I figured it would be someone who wasn't a starter as the game was getting ready to start. You can imagine my surprise when Stan Musial stepped out of the dugout and said "Hi Mike!" and shook my hand. After I got my breath back I said "Hi!" He said he couldn't stay to have his picture taken with me because he had to go out into the field, but that Red Schoendist would be out in a minute. So I tried to hide my disappointment that Stan was leaving and said "OK,Thanks." Stan said bye and went out onto the field and Red came out and the next day in the paper there were three pictures in the paper; two with all the other players on our team with some Cardinal players and one with me and Red. I was on cloud nine for months.

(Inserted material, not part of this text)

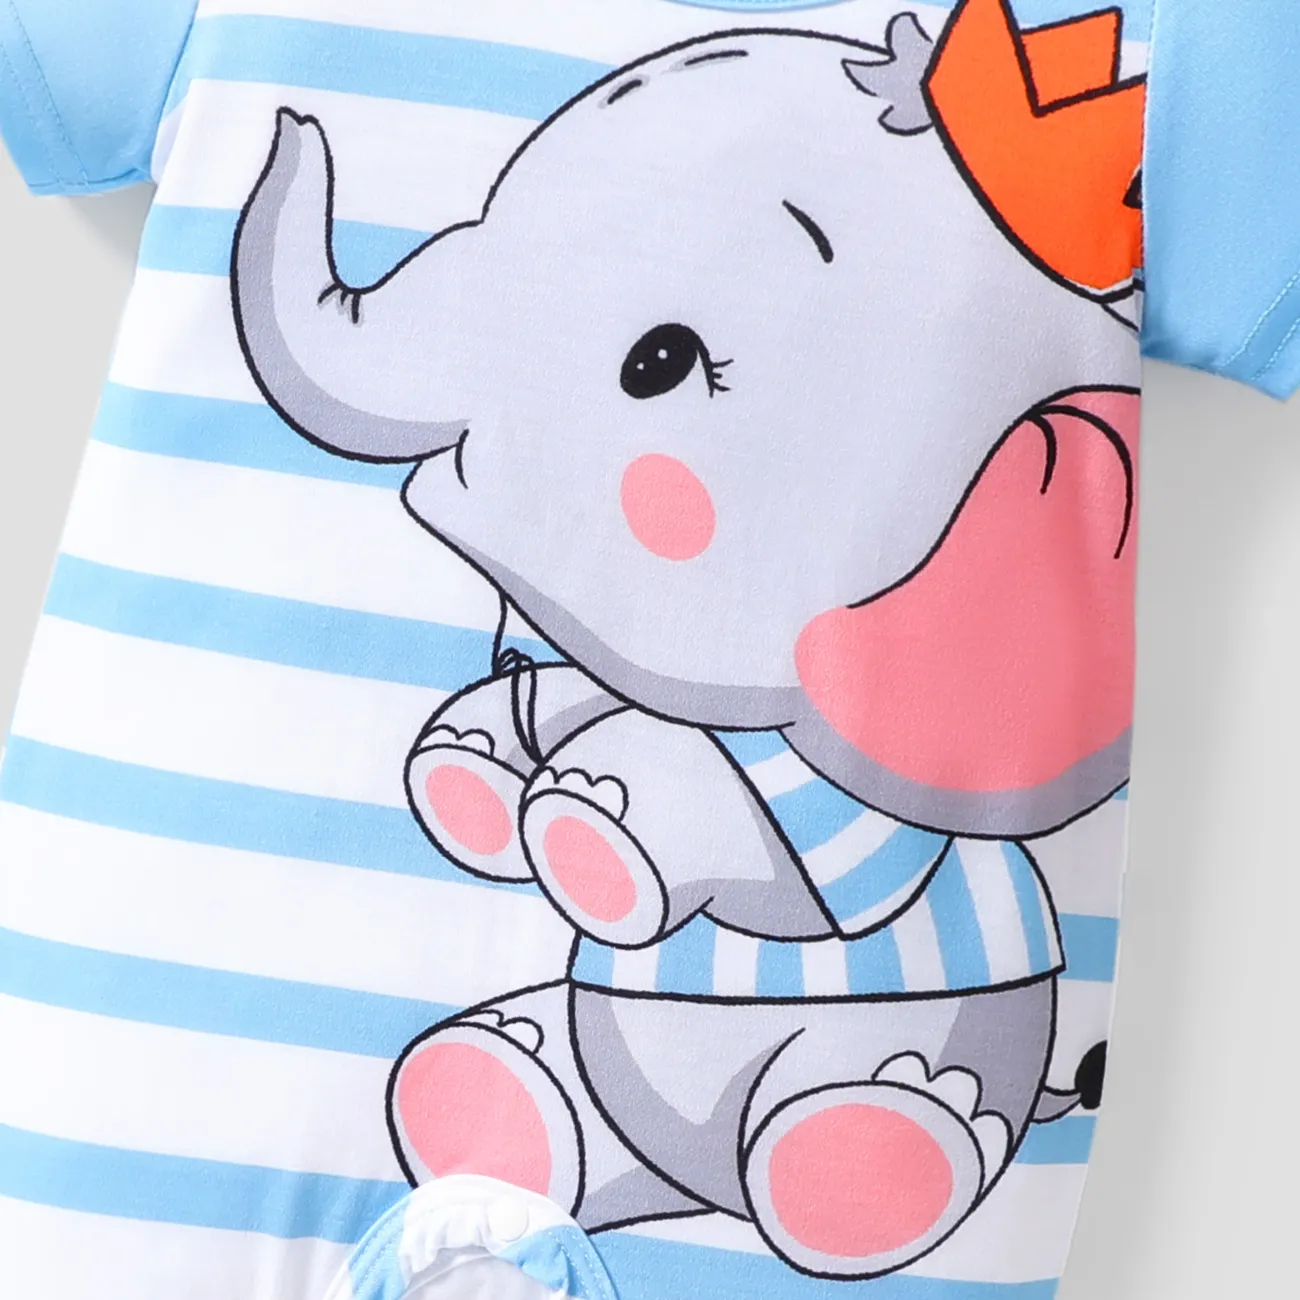 Baby Unisex Elefant Lässig Kurzärmelig Baby-Overalls hellblau big image 1

I know it's probably hard to believe but I didn't figure out that it was a set up for some 48 years. While in prison around 2004 I figured out that my Dad must have told Jim how I idolized Stan Musial and Jim might have been trying to make up for giving me the concussion, which he did.
Everyone over the age of 50 should do some time in prison. Besides giving you an idea of what it's like before you send someone in there and giving you an appreciation for freedom and life, it gives you time to think about your life and the mistakes you made and who you owe thanks to. Anyone over the age of forty who says they have no regrets has never done a serious examination of their life.